_What you have to do_
Every line of the material below needs to be copied exactly; omit the pictures.

_Recorded information_
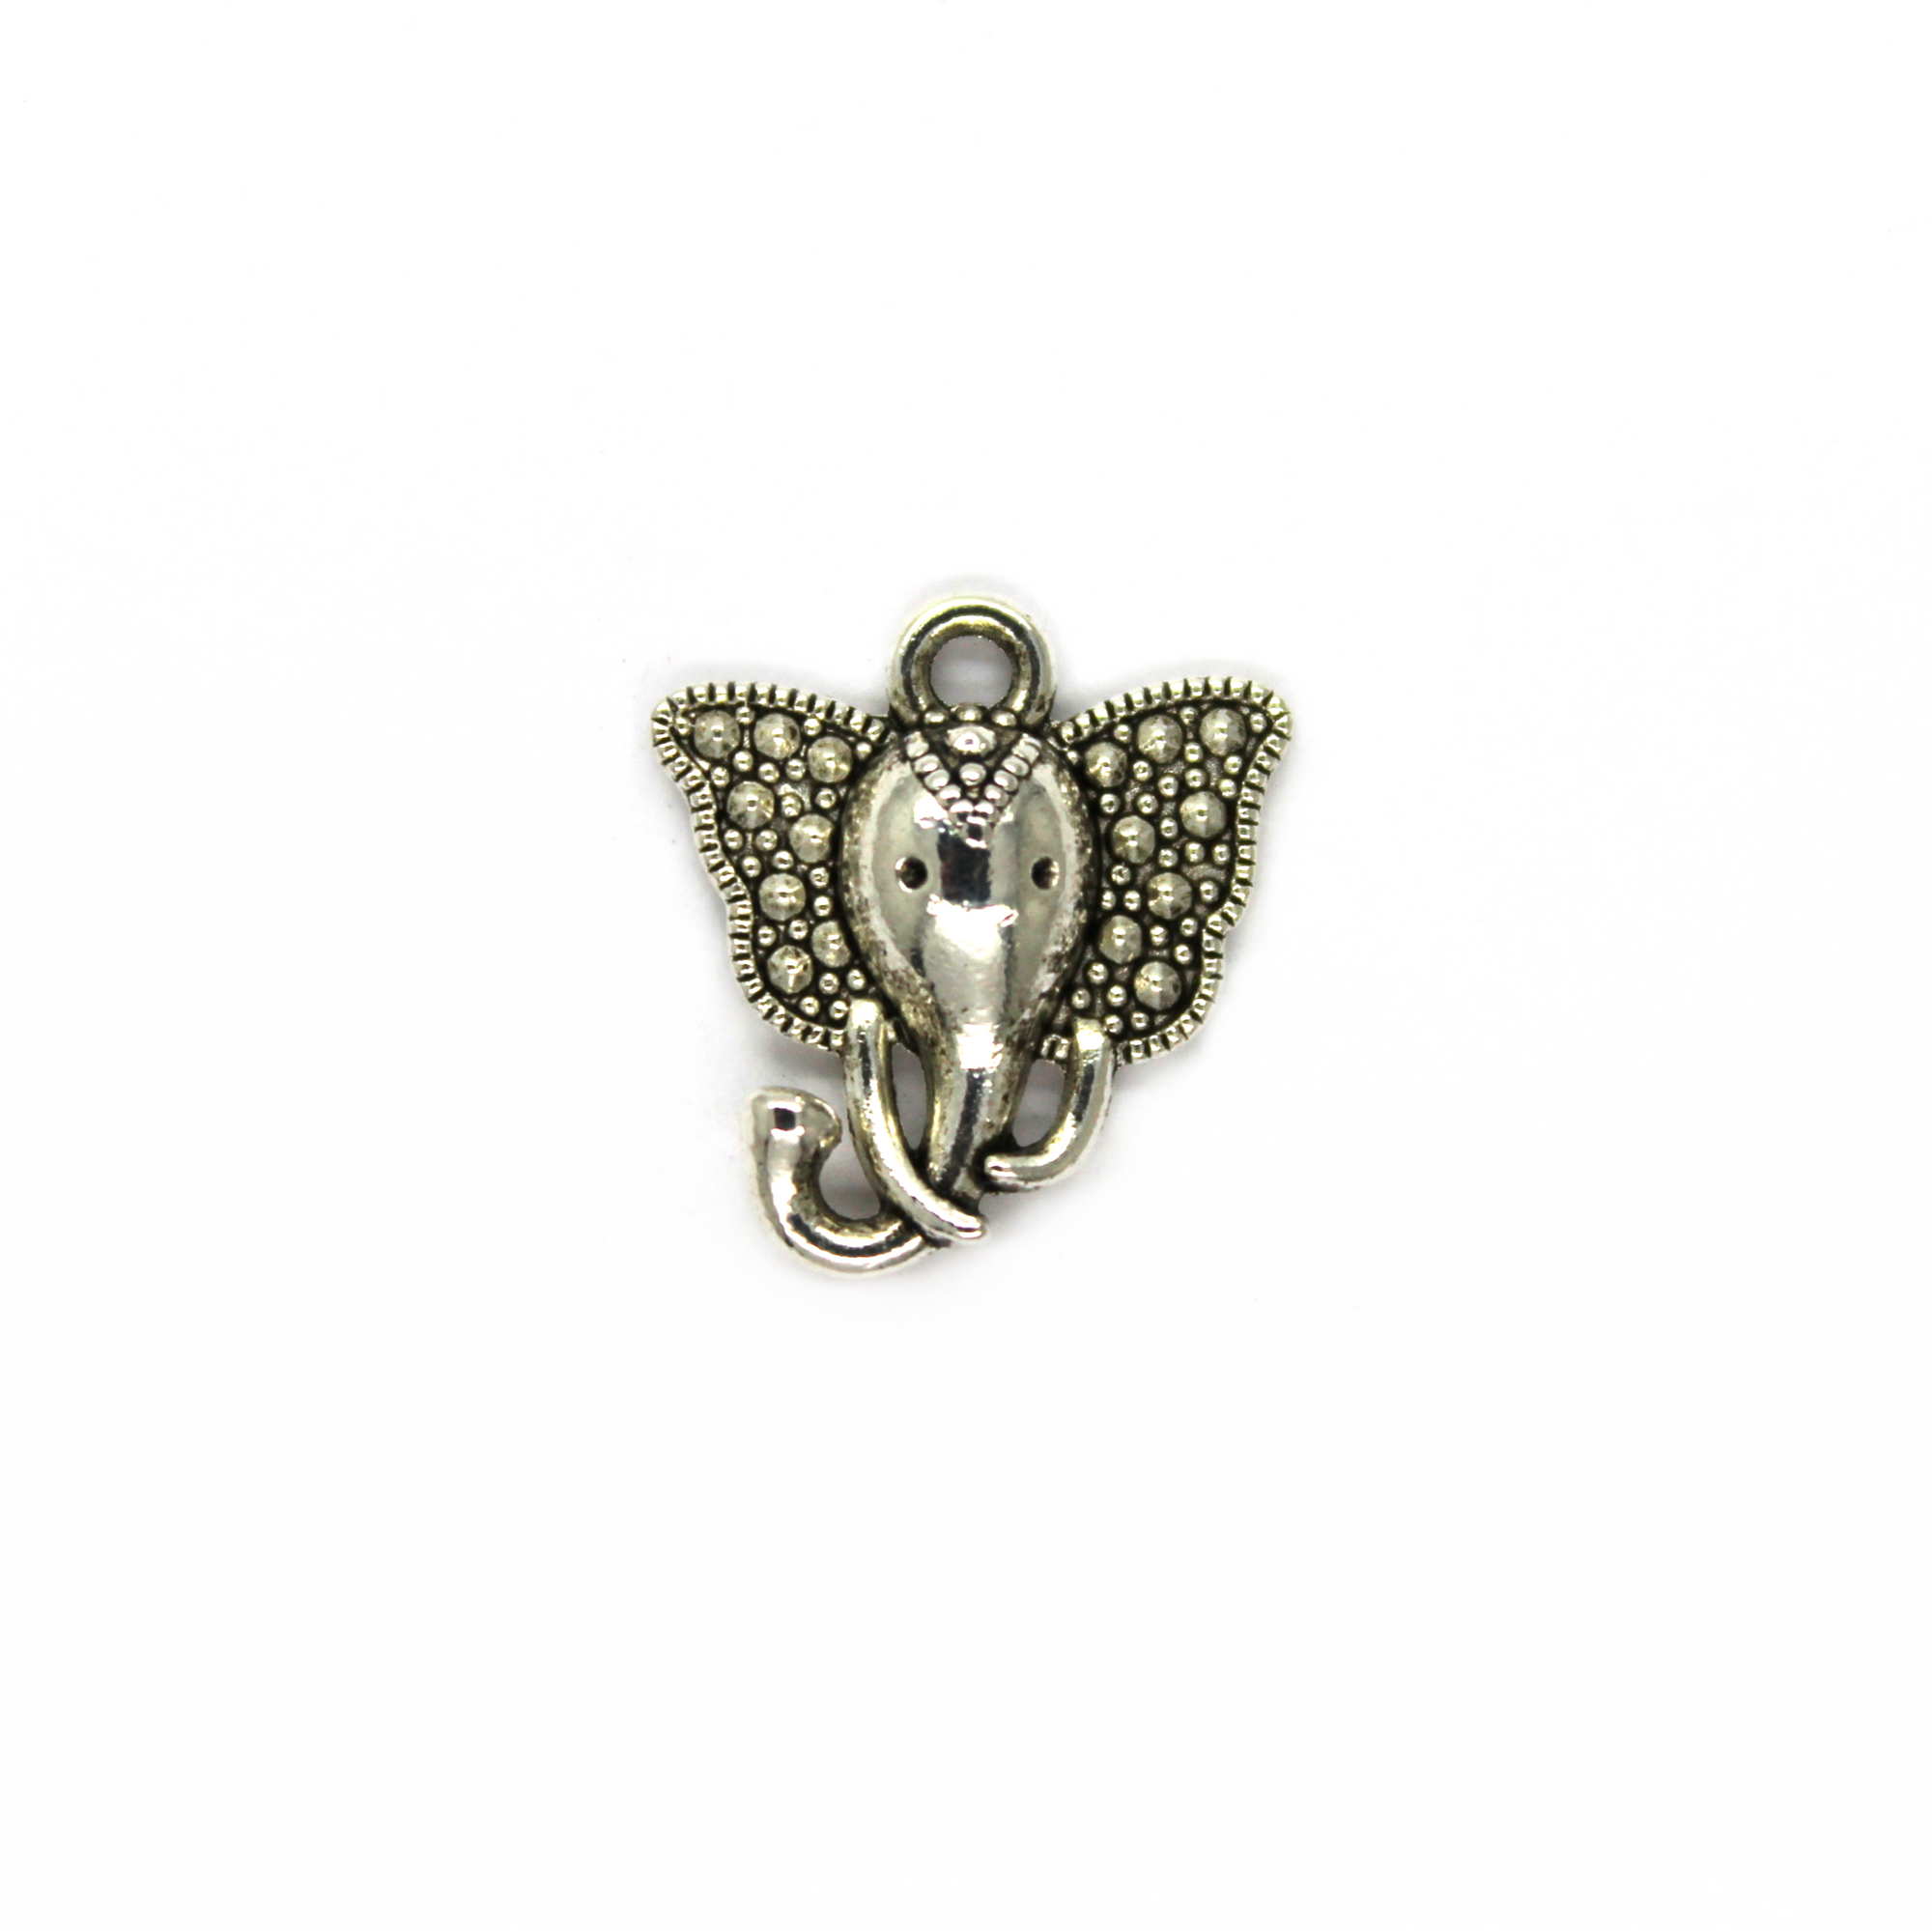 Charms, Elephant Head, Silver, Alloy, 16mm X 15mm, Sold Per pkg of 8
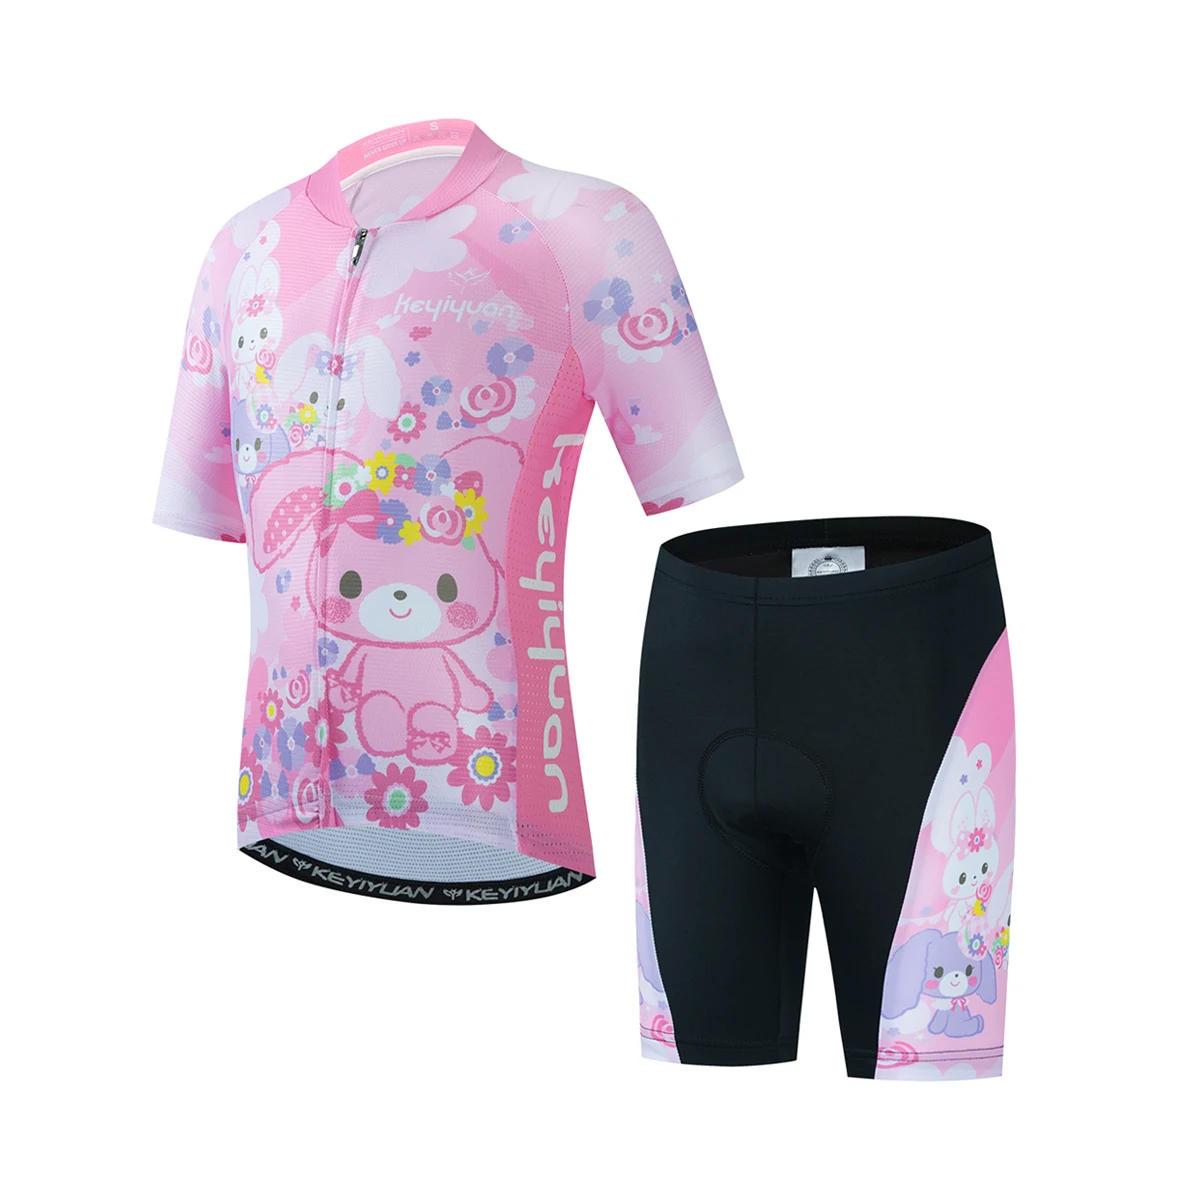 

NEW KEYIYUAN Kids Girls Pink Bicycle Racing Suit Jersey Summer Ciclismo Hombre Bicicleta Infantil Clothing Maillot Ciclismo
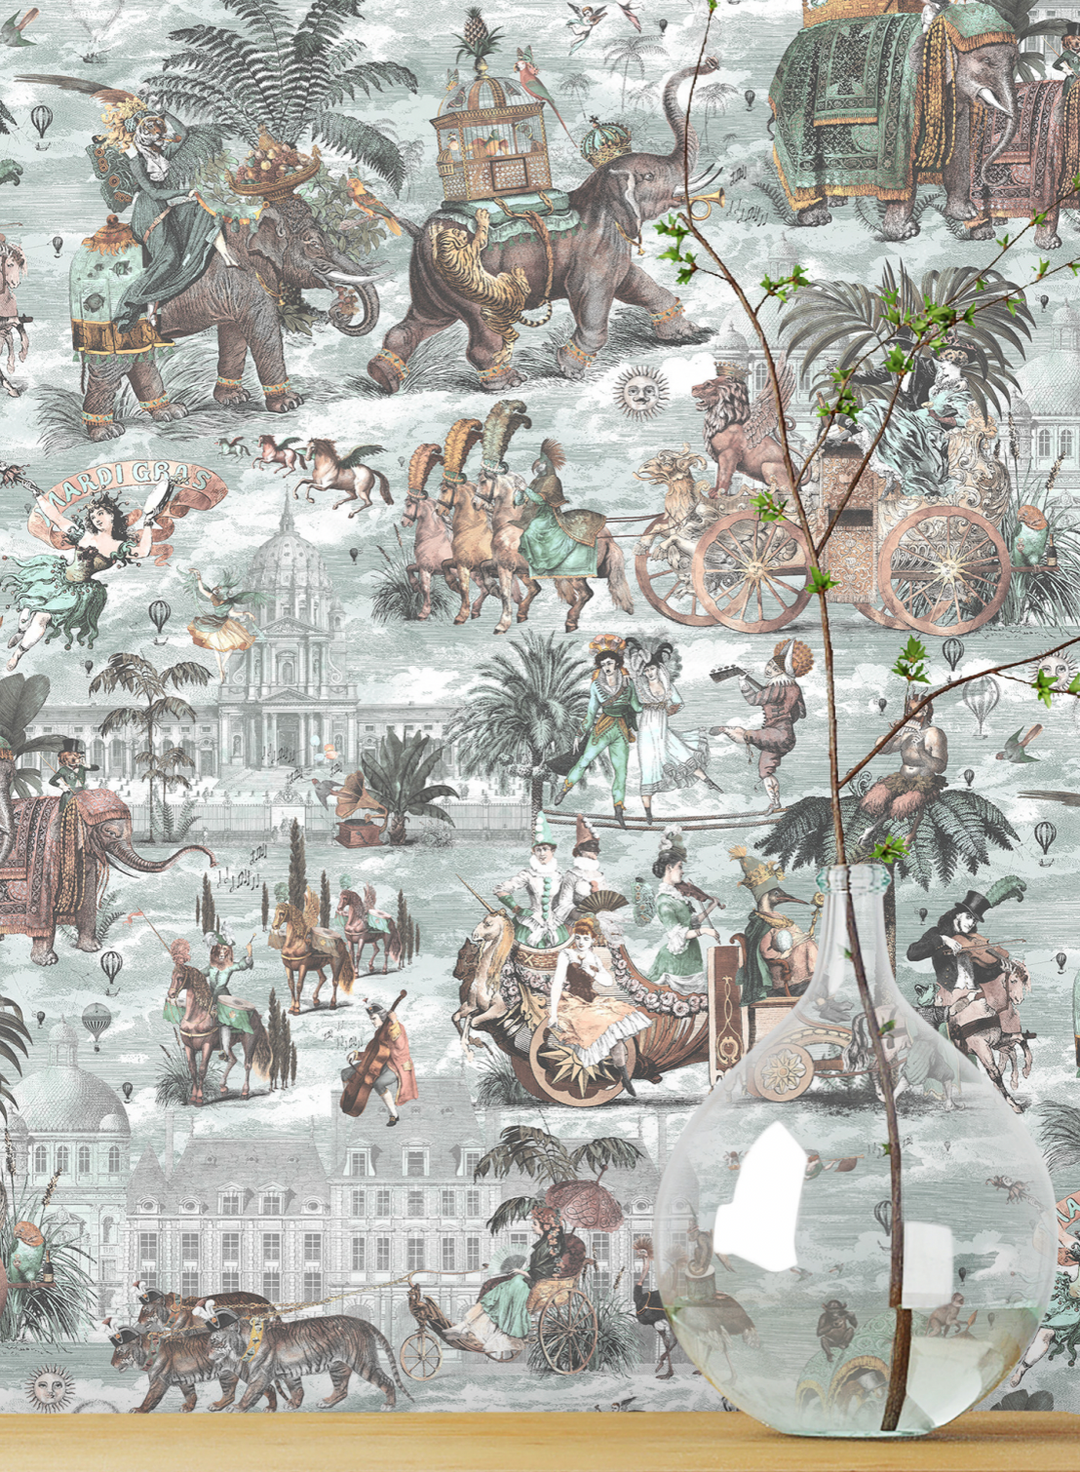 brand-mckenzie-carnival-fever-carnival-march-fiesta-whimsical-classical-wallpaper-wallcovering-seawater-peach

_Task response_
 Charms, Elephant Head, Silver, Alloy, 16mm X 15mm, Sold Per pkg of 8

NEW KEYIYUAN Kids Girls Pink Bicycle Racing Suit Jersey Summer Ciclismo Hombre Bicicleta Infantil Clothing Maillot Ciclismo
 brand-mckenzie-carnival-fever-carnival-march-fiesta-whimsical-classical-wallpaper-wallcovering-seawater-peach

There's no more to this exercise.